Water is more important than diamonds only where a man must choose between renouncing all water or renouncing all diamonds. Faced with such a choice it is indeed likely that a man will place diamonds distinctly in second place. But this kind of choice is one that the market does not confront the consumer with and therefore cannot have bearing on the determination of market prices. In the market a man buying or refraining from buying water is choosing not merely whether to have water or not to have water, but whether to have some additional quantity of water or not; and similarly, of course, for diamonds.

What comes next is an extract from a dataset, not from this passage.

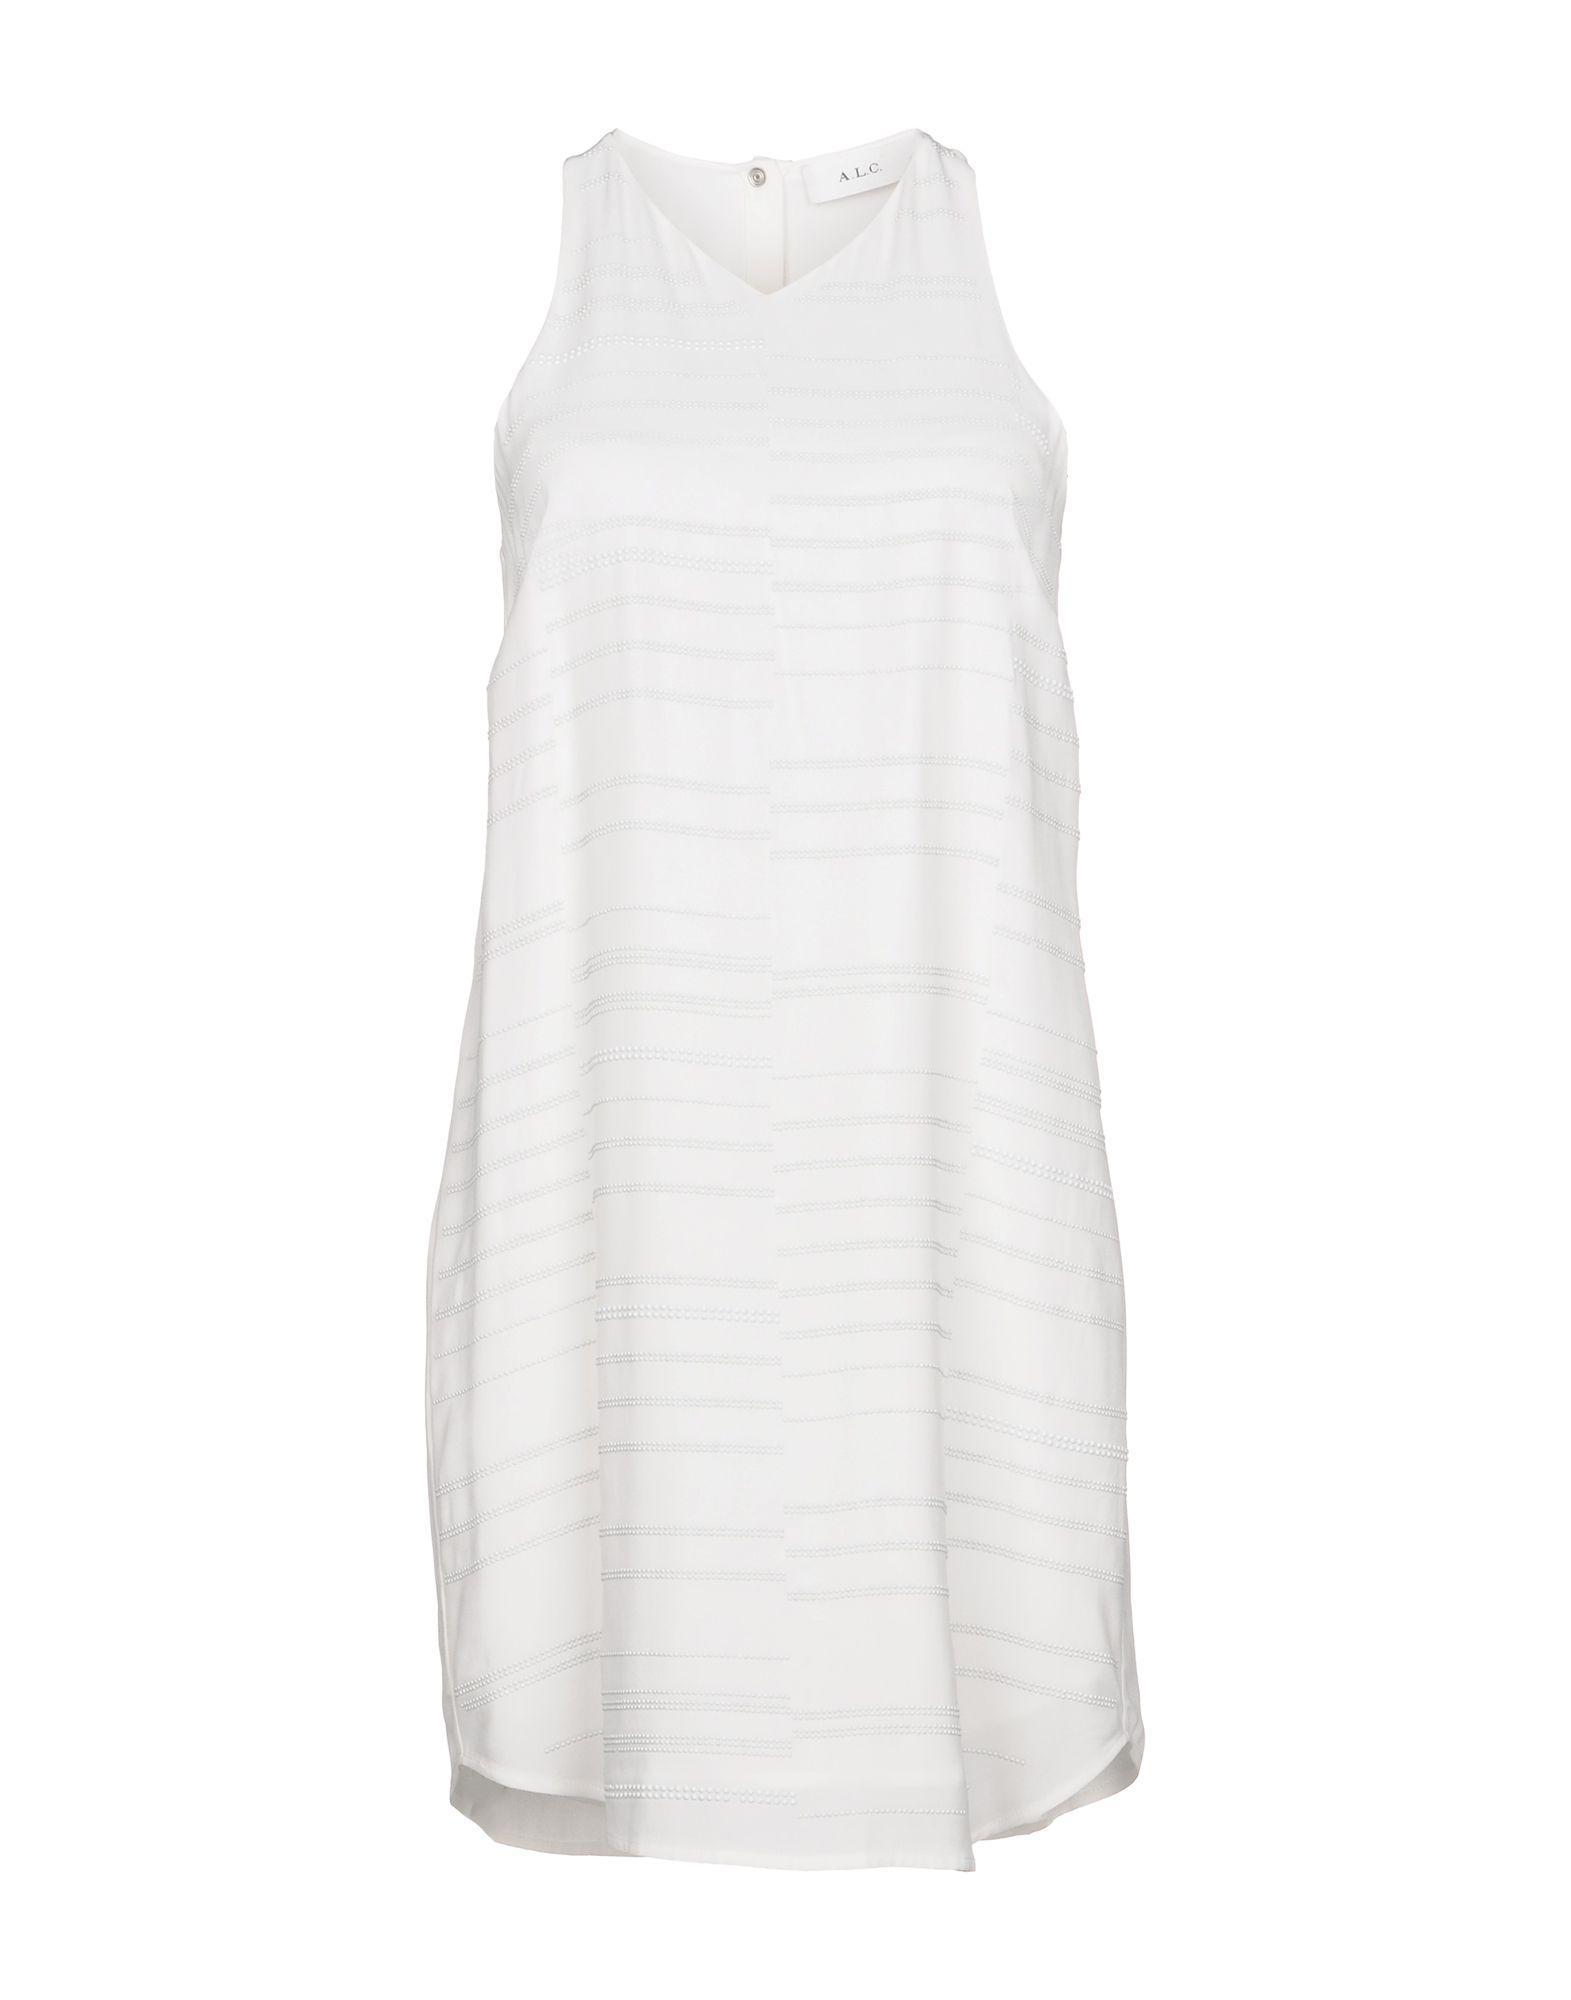 A.l.c Short Dress In White

Thus, the law of diminishing marginal utility provides the key.

The marginal utility of water cannot be said to be either higher or lower than that of diamonds until there are first specified (a) the size of the marginal unit and (b) the margin at which marginal quantities of water and diamonds are being compared. The marginal utility of water is indeed lower than that of diamonds—when a small quantity of water is compared with a similar weight of diamonds and when the loss of this small quantity of water would still leave the consumer with ample water. These are, in fact, the conditions under which consumers choose whether to buy water or diamonds. The quantity of water usually available is ample; thus, the margin at which an additional quantity of water is valued is such as to make its marginal utility low, according to the law of diminishing marginal utility. On the other hand, diamonds are usually possessed in sufficiently small amounts to ensure that the typically sized marginal unit still possesses high marginal utility.

If conditions were otherwise, prices would indeed reflect the altered conditions. If, for example, a thirsty owner of diamonds were to bargain in a desert with the owner of a quantity of water, we would indeed expect to find the price of water far from negligible. Clearly, in these circumstances, the marginal utility of water must be immensely higher than under normal conditions. Here, indeed, water would show itself as “more important for man than diamonds.”